Tendo em conta a sua experiência, ao ter trabalhado em vários locais distintos, ao ser um cientista multifacetado, um mediador de diálogo entre instituições, um cidadão activo, sente que o seu legado, mais do que um legado científico e de cidadania, será acima de tudo um legado humano?

Eu gosto da pergunta, mas nunca pensei nesse assunto. Nunca pensei naquilo que lego. Acho que a ideia de que eu servi para ajudar as pessoas a terem a autoconfiança necessária para explorarem aquilo que são e aquilo de que são capazes, foi a minha função mais importante. Na forma como eu me apresento cientificamente, civilmente, politicamente, sem ter vergonha nem orgulho do que sou e do que fiz. Tive contribuições interessantes na área da ciência, na área do conhecimento em geral.

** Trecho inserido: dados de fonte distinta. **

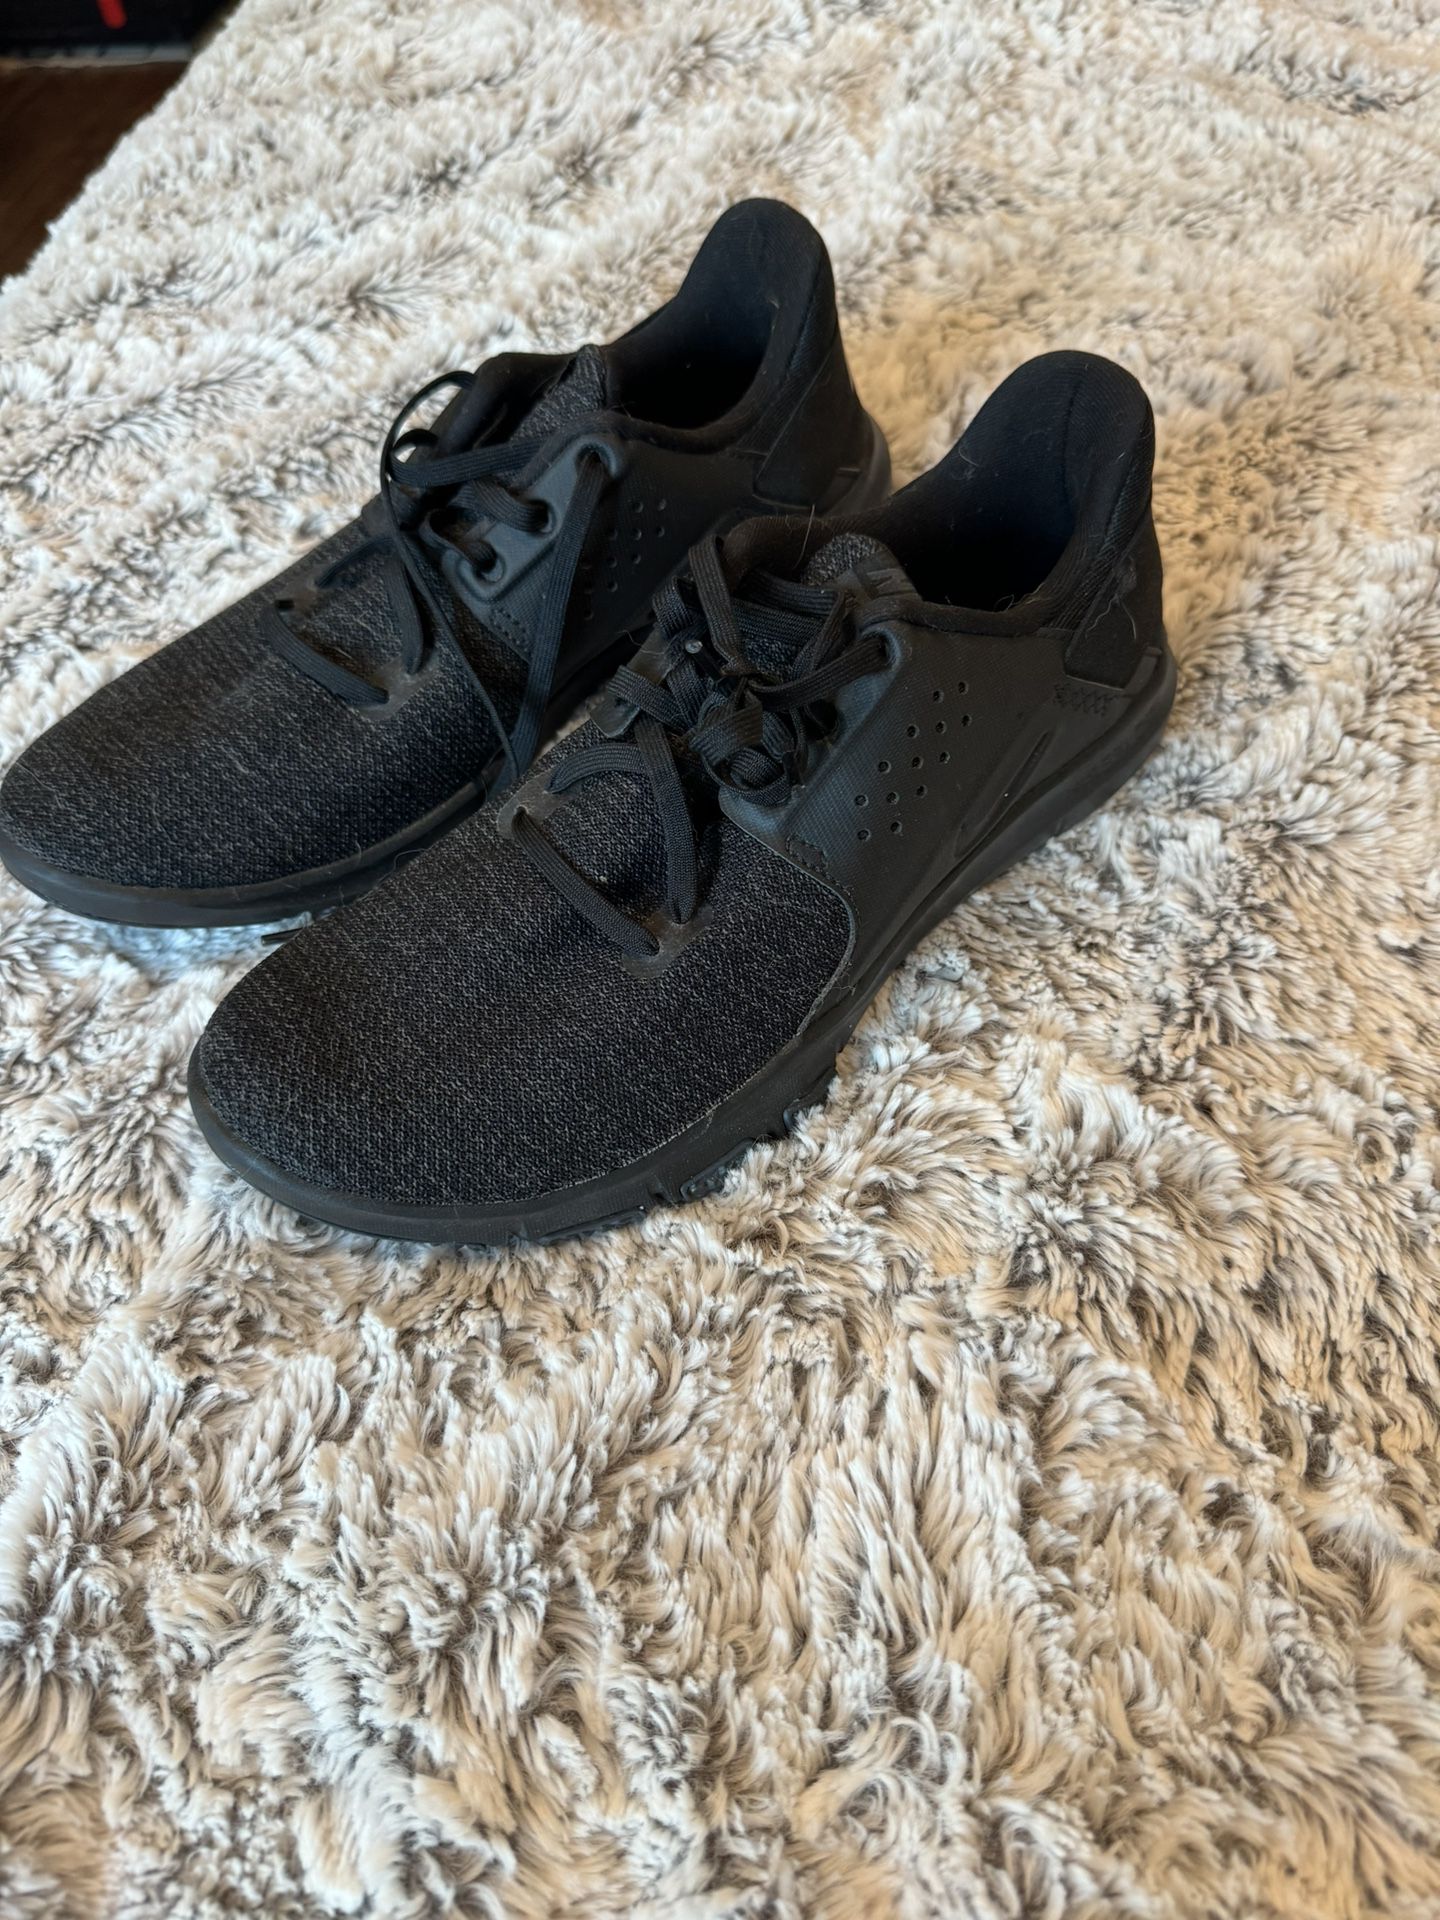 Men’s Nike Shoes 9.5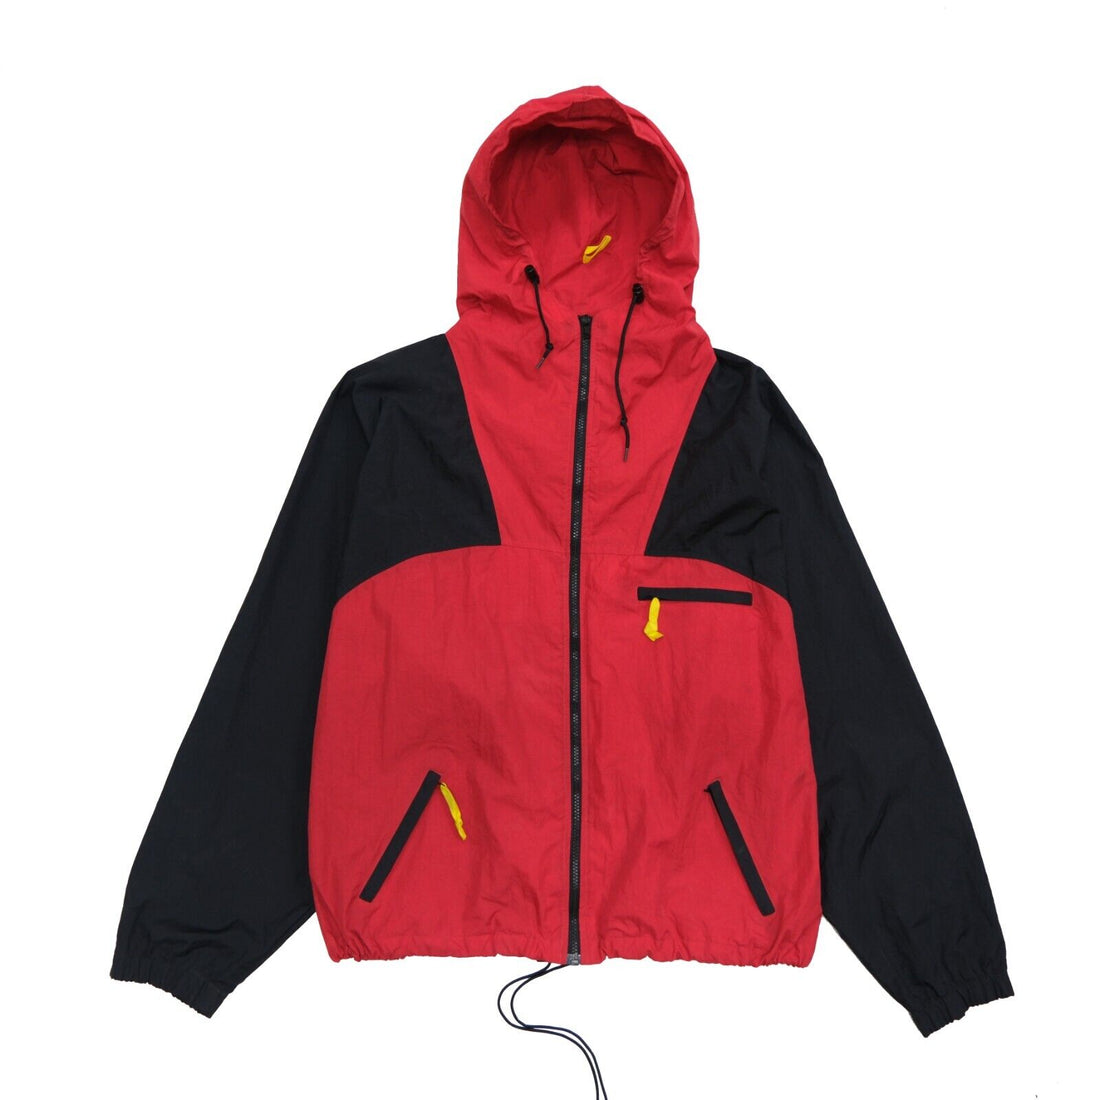 Vintage Marlboro Adventure Team Windbreaker Jacket Size XL Red 90s

Defendi durante muito tempo a necessidade da interdisciplinaridade, que ainda está muito longe de ser conseguida. Acho que a forma como eu nunca tentei fazer jogos de pessoas contra pessoas e de ser sempre muito aberto em relação às pessoas de quem eu gosto. Às pessoas com quem vivo, às pessoas que me ajudaram a crescer. Acho que isso também leva tempo a ser reconhecido. E valorizam isso, até certo ponto.

Estava agora a lembrar-me de uma coisa engraçada, que me veio agora à cabeça e que já tinha esquecido. Houve um investigador na Gulbenkian que há uns 40 ou 50 anos fez o meu mapa astral. E depois escreveu um texto a explicá-lo. Uma das coisas que ele disse e que achei piada foi que, quando nasci, os planetas estavam todos acima do horizonte. Por isso, eu não era uma pessoa escondida. Na altura achei piada. Não é que eu acredite no mapa astral, já várias pessoas me fizeram mapas astrais diferentes [risos]. Aquilo foi-me oferecido com muita simpatia. Mas eu achei graça a esta conclusão dele. Estarem os astros, os planetas, todos acima do horizonte. E depois disse-me outra coisa, como eu nasci no hemisfério sul se calhar era tudo ao contrário [risos]. Se eu pensar num legado, acho que é isso. Ser muito transparente e não fazer jogos. E também construir uma vida com uma pessoa durante 46 anos e ainda com muito carinho mútuo. Hoje em dia isso é uma raridade. Já não há disso com muita frequência. Acho que estas são as duas coisas mais importantes.